Fast Mode (~100ms for 100+ listings, no API calls):

  • Used for search results grid
  • Market value estimated via depreciation formula: MSRP × (0.85 ^ age) with mileage adjustment
  • Safety/reliability/efficiency use conservative defaults
  • MSRP lookup table for 20+ common models (default: $32,000)

Full Mode (~2-3s per listing, live API data):

  • Used for detail pages
  • Parallel prefetch: NHTSA safety + complaints + EPA fuel economy per unique (make, model, year)
  • Per-listing: NHTSA recalls (VIN-preferred) + VinAudit market value + VinAudit ownership cost
  • Semaphore-limited to 20 concurrent API calls

In-Memory Cache

Data TTL Rationale
Safety ratings 1 hour Rarely change
Complaints 1 hour Batch updates infrequent
Recalls 30 min Can be issued any time
VIN decode 24 hours Immutable
Fuel economy 1 hour Stable EPA data
Market value 1 hour 90-day rolling average

Data Sources & APIs

NHTSA (National Highway Traffic Safety Administration)

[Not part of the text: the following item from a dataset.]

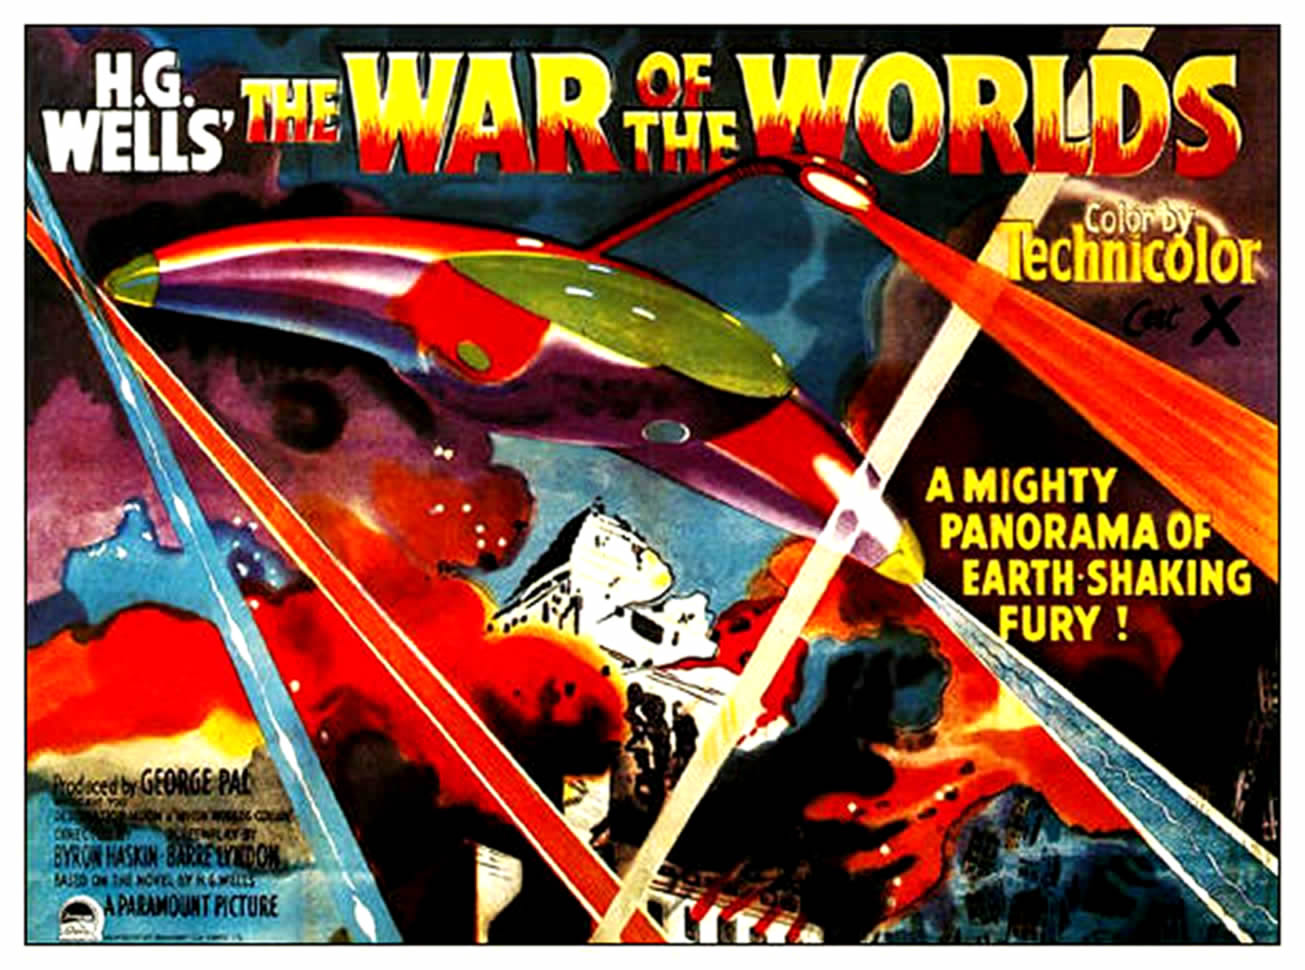 http://ayay.co.uk/backgrounds/b_movie_posters/alien_invasion/WAR-OF-THE-WORLDS-2.jpg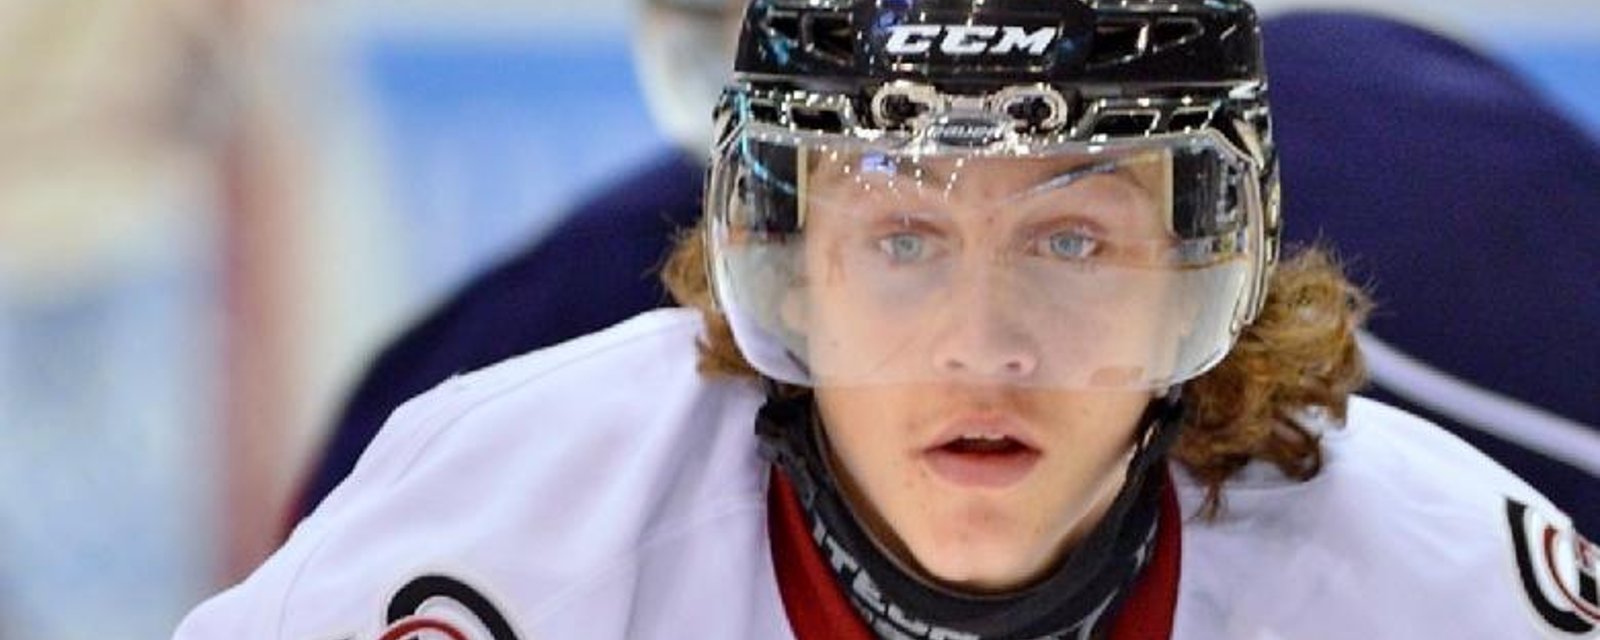 Nephew of legendary power forward has a good chance of cracking NHL roster.

Free, public U.S. government API — no key required.

Endpoint Data
SafetyRatings/modelyear/{y}/make/{m}/model/{mo} 1-5 star crash test ratings (overall, frontal, side, rollover)
complaints/complaintsByVehicle Consumer-reported defects with component breakdowns
recalls/recallsByVehicle Open/closed recalls with campaign numbers and affected components
vpic.nhtsa.dot.gov/api/vehicles/decodevinvalues/{vin} VIN decode → make, model, year, trim, engine, transmission

Rate-limited to 150ms between sequential calls (respecting government API courtesy).

EPA Fuel Economy (fueleconomy.gov)

Free, public API.

  • Fuzzy-matches user model names to EPA's model catalog (handles "F-150" → "F150 Pickup 2WD")
  • Discovers up to 5 trim/option variants per model
  • Returns combined city/highway MPG for the most common configuration

VinAudit

Requires API key. Provides two critical datasets:

  • Market Value: VIN-based or YMMTID-based (2020_toyota_camry_se) pricing with confidence bands, sample size, and mileage adjustments
  • Ownership Cost: 5-year projected breakdown — depreciation, insurance, fuel, maintenance, repairs, and fees

Tavily Search

Optional fallback for market value estimation. Searches KBB and automotive pricing sites when VinAudit is unavailable.

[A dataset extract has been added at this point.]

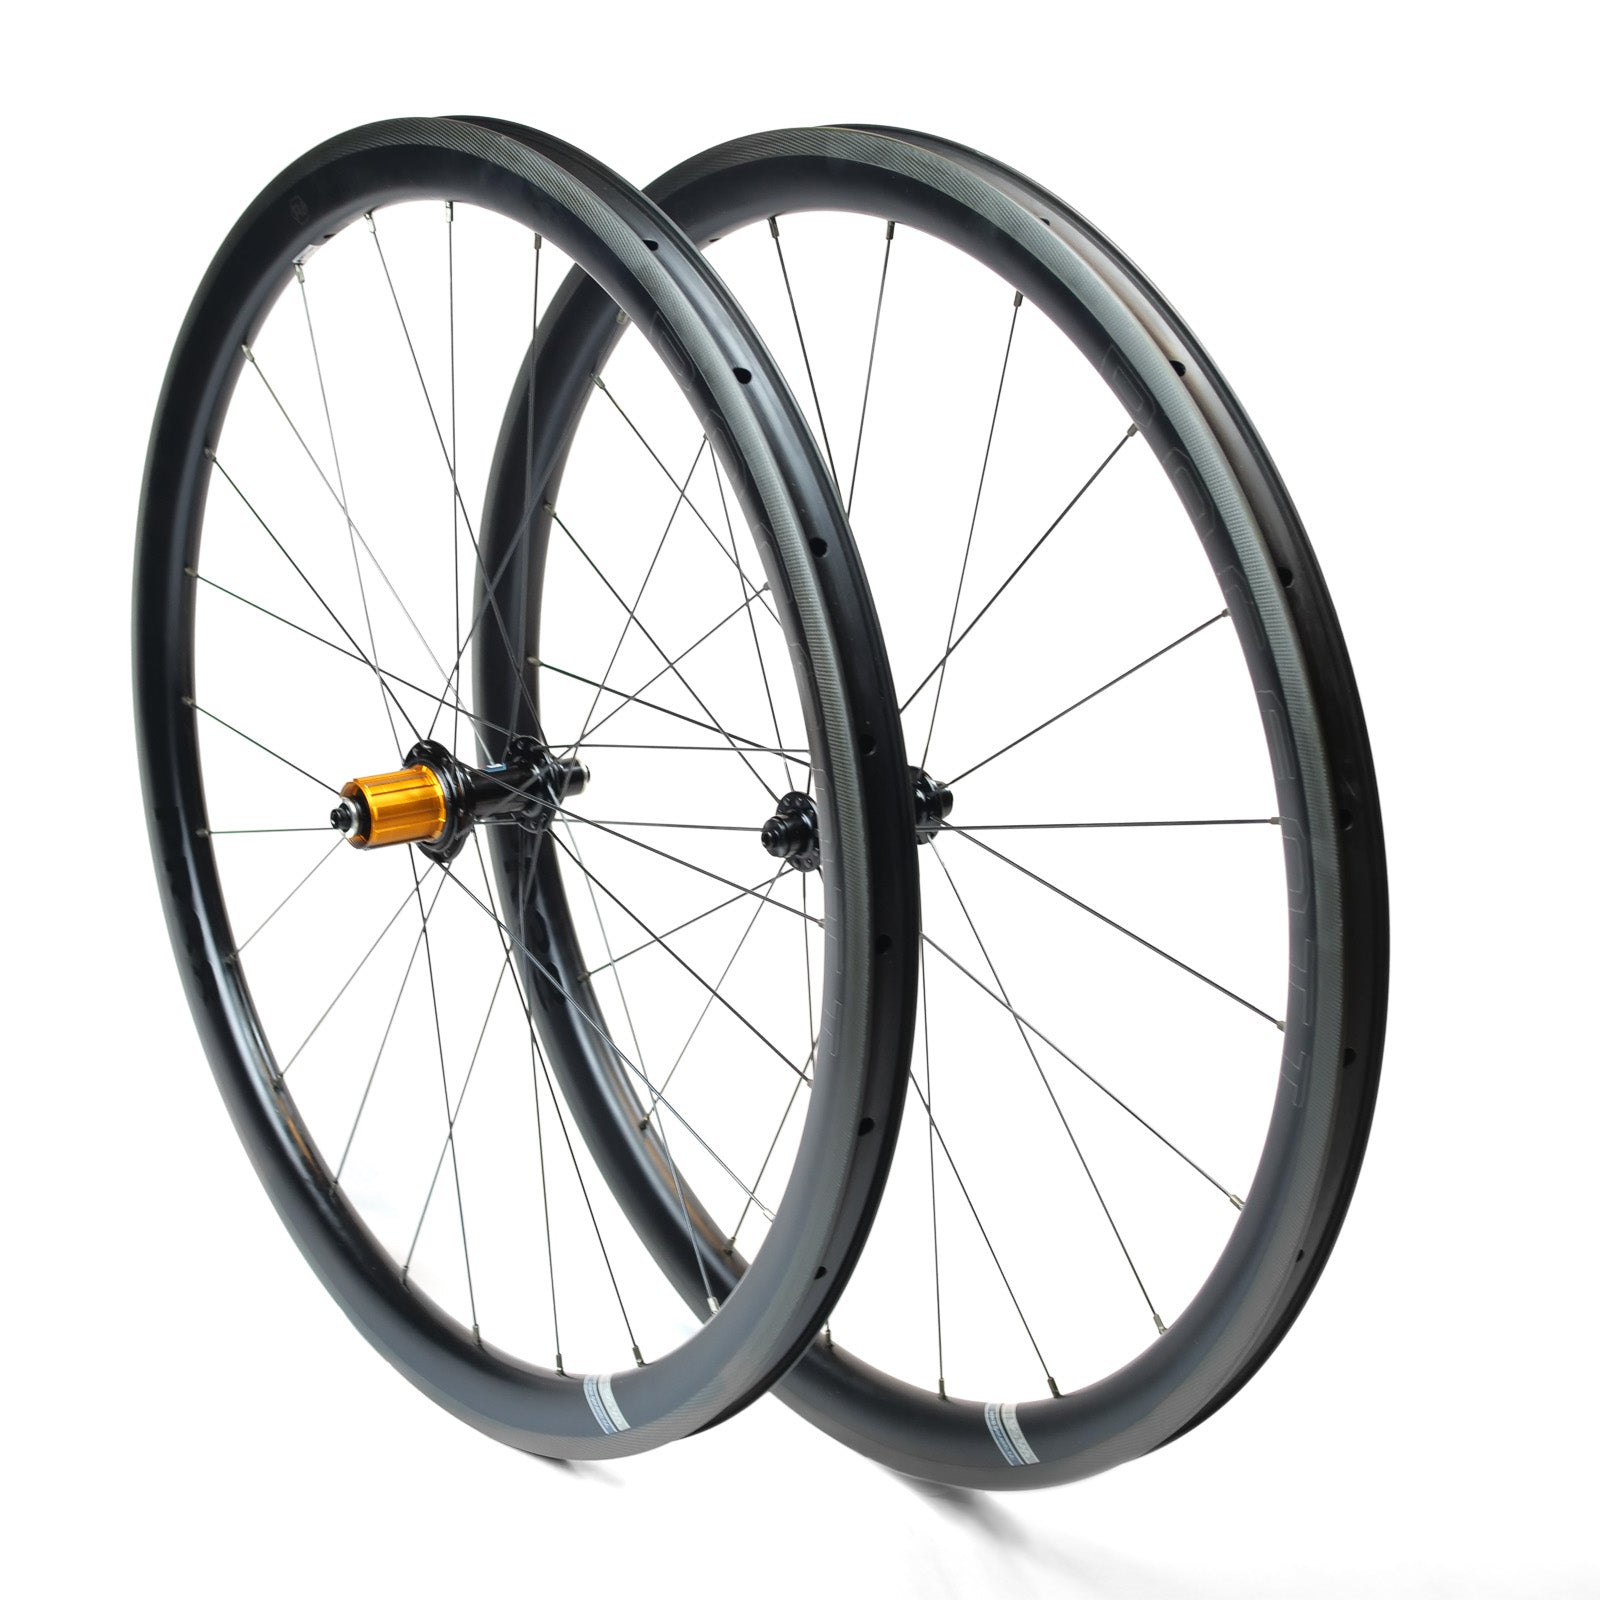 FORZA-C 30MM DISC CLINCHER WHEELS 700C SHIMANO – Pacenti Cycle Design

LLM Agents & Context Engineering

CarFINDa uses Google Gemini 2.5 Flash with structured output enforcement (response_mime_type="application/json" + JSON Schema) across 5 specialized agents, each with carefully engineered system prompts and context windows.

Agent Architecture

Agent Purpose Temperature Output
Intake Agent Parse NL query → structured filters 0.3 JSON (12 filter fields)
Snapshot Parser Extract listings from browser snapshots 0.3 JSON (16 fields per listing)
Synthesizer Rank & explain top 5 recommendations 0.4 JSON (headlines, explanations, red flags)
Chat Agent Multi-turn Q&A about listings/scores 0.7 Free-form text
Negotiation Agent Generate negotiation strategy + opening DM 0.4 JSON (fair price, leverage, scripts)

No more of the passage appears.